I was thinking the same thing that zzzzz said - this is the third time you have discussed terminating in as many weeks - first it was because you didn't think you wanted to be pg, the second time because you thought there might be a slight chance that DC2 could have ASD, and now this. It sounds to me like you are seeking an excuse.
You need to discuss it, and WITH your DH - whether he has you pissed off or not. Just a bit of tough love here, but the DS you have with ASD - he is not just YOUR DS, but your DH's, too. Have you thought for a moment that DH is as stressed and upset about all of this as you are? Perhaps he is blaming himself for your DS's ASD (as you say he has AS himself, perhaps he thinks he is responsible for your son's challenges). You have asked him to do all the work that involves emphasizing DS's challenges and struggles, and nothing about his strengths... how can he not be beating himself up about this?

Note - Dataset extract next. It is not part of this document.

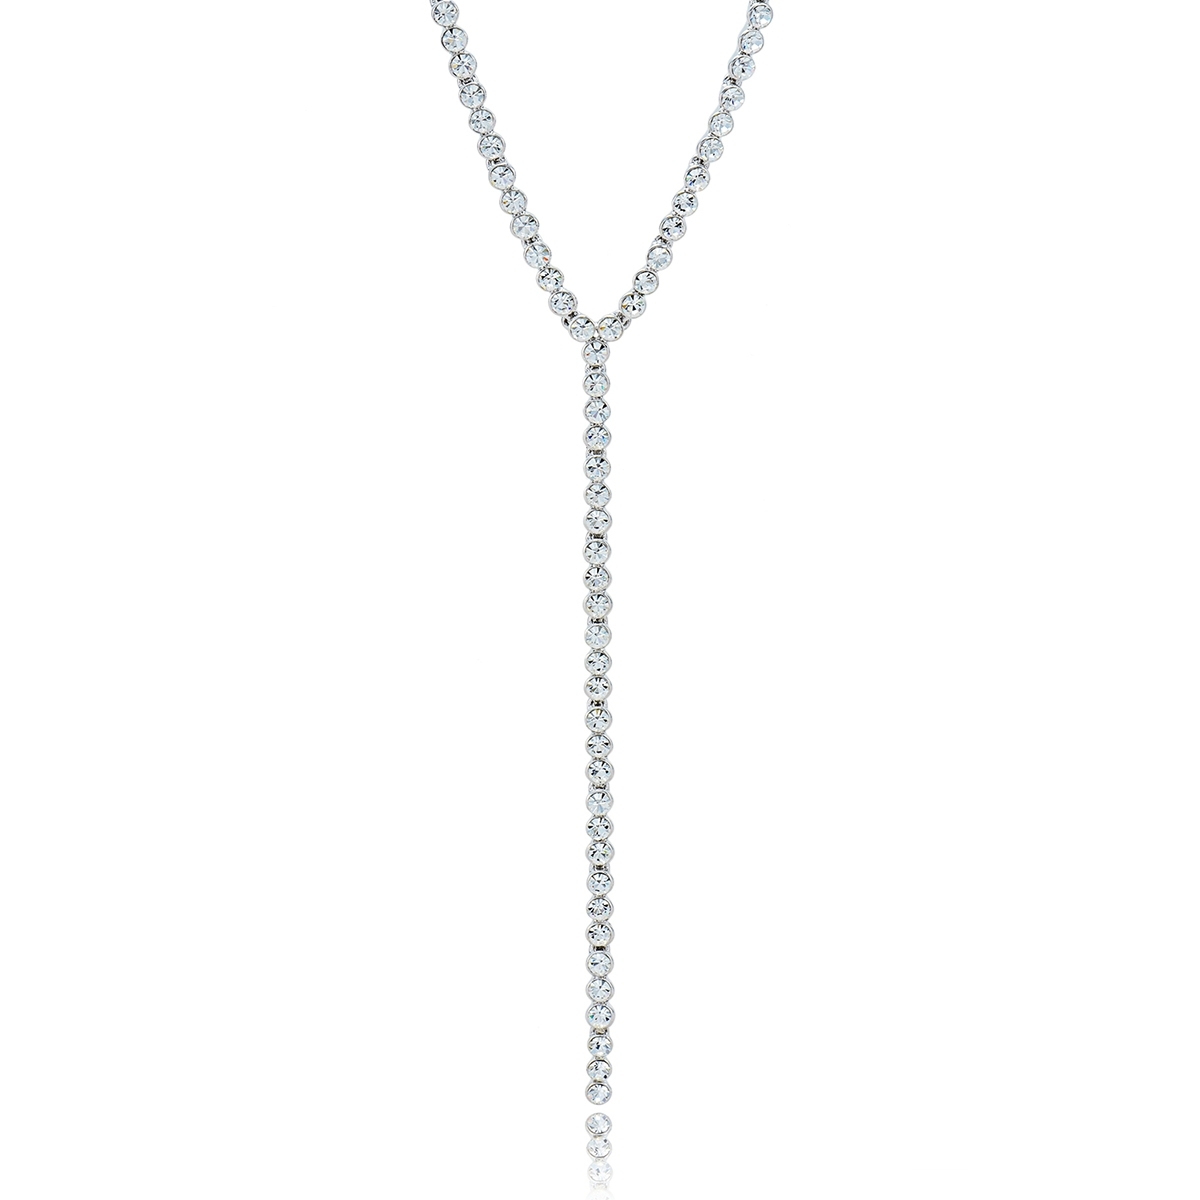 Buy Platinum Plated Concise Long Chain>20 Inches

There have been a lot of wedges driven between you and DH in the last while - rows over you wanting to leave the UK, not wanting the pregnancy (you know, unless it was non consensual, intercourse without birth control occasionally leads to babies... you made a decision, conscious or not), expecting him to take total responsibility for all of the very emotionally taxing paperwork. Yesterday, the DLA form was put in his lap, and he got upset when you accused him of ignoring you. You can't have it both ways, and frankly, I see a lot of relationship sabotage here.
Scenario 1 - You terminate this pregnancy, knowing full well that your DH does not support this idea. In all likelihood, with how you are describing your relationship right now, this will end it. Are you ready to be a single parent?
Scenario 2 - You have a mature and respectful discussion with dh about where you are right now and how to move forward. You acknowledge why each of you is struggling (and you might be surprised what you learn through all this) and form specific and measurable goals together.
You have admitted here before that you struggle with mental health issues of your own - it is time for you to seek support personally (or increase support if you already have some in place) as the toll this is all taking on you is very obvious.
You keep saying how important your son is to you in all of this, but I worry that at least part of that is talk. If he was so important, you would not still be moaning about the lack of statement request submission after 2 and a half years, you would be making it happen.
Any of the regular posters here know I am about as subtle as a brick through a plate glass window, but sometimes it is necessary to stop fucking around and say it like it is.
No one is going to send out a rescue vessel to your unhappy boat of doom - if you want to get to shore, you need to handle the oars or get out and swim. You have a life vest, and the sharks aren't hungry, but it is going to take effort. That, or you can keep drifting, and that hasn't been working too well for you.
Quick tip - when you are bailing water, you are supposed to be pouring the water OUT of your boat, not into it.